Talk to your daughter about the dangers of drinking and having sex with any boy, advises Anthony E. Wolf, author and clinical psychologist. Again, do not make this a personal conversation about her boyfriend -- make it a generalized statement that makes it seem that you are simply reminding her about the risks of sexually transmitted disease, unwanted teen pregnancy and drinking because she’s at an age where it’s important to keep these perils fresh in her mind.

Step 3

Warn your daughter about the dangers and warning signs of a bad relationship, advises New York Presbyterian Hospital psychiatrist Dr. Gail Saltz.

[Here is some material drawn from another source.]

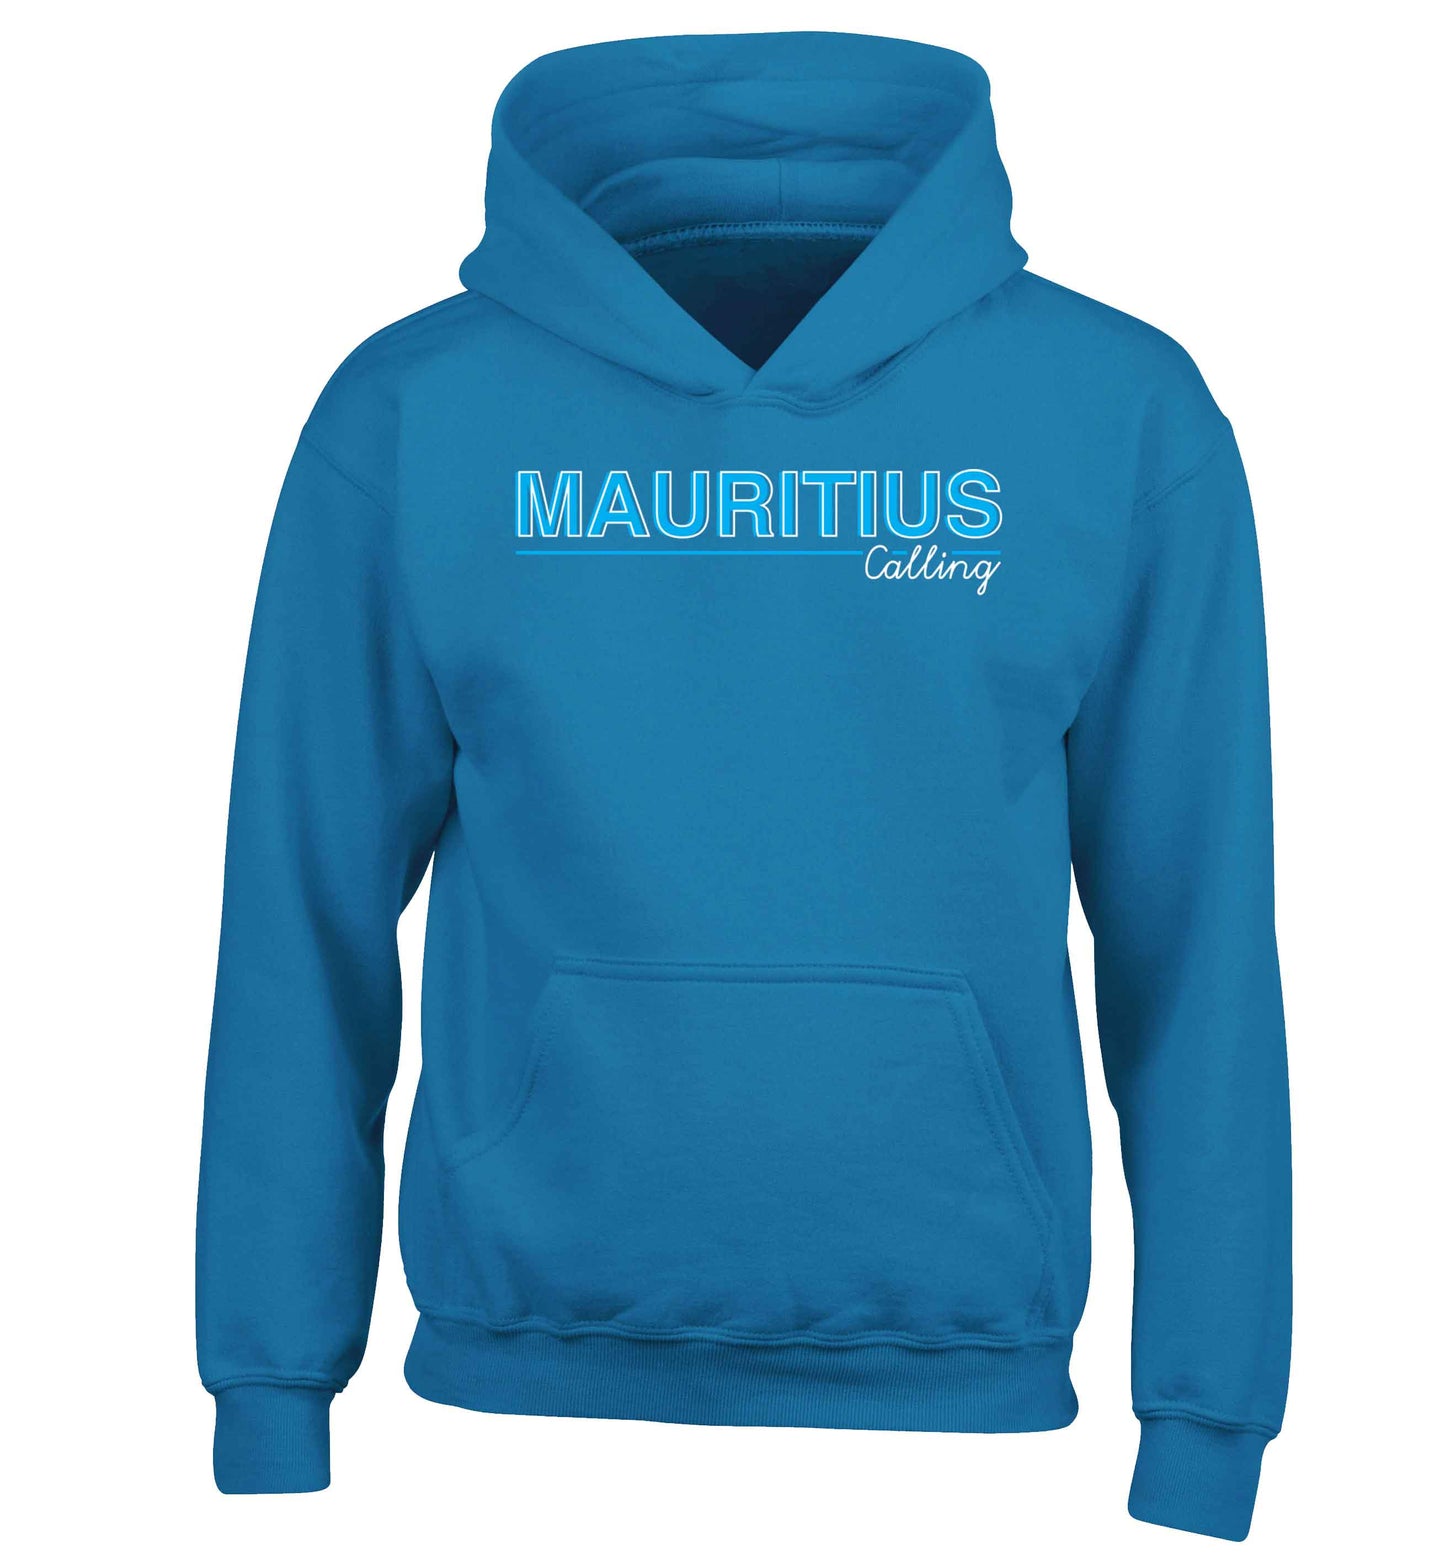 Mauritius calling children's blue hoodie 12-13 Years

For example, tell her than in any relationship she has with a boy, whether it is her current boyfriend or a boyfriend she has in the future, it is never OK for her boyfriend to hit her, harm her, verbally abuse her, mentally abuse her, or keep her away from her friends and family. Ask that she talks to you or another trusted adult if she ever finds herself in such a circumstance. Refrain from telling her you think her boyfriend is like this or you might push her closer to him.

Step 4

Encourage her to listen to her intuition and that no always means no, advises Saltz. If she ever finds herself in a circumstance with her boyfriend or anywhere else in life in which she finds herself feeling uncomfortable, tell her to trust her gut and say "no."

Step 5

Skip the talk and sever the relationship if it is out of control, advises clinical psychologist Ruth Peters. You are the parent and you make the rules. This situation should be used only if it really requires it, such as when your daughter’s boyfriend is significantly older -- what is a 30-year-old man doing with a 16-year-old girl anyway? -- if he has a troubling criminal record, if he abuses drugs or alcohol, or if he is abusing your daughter.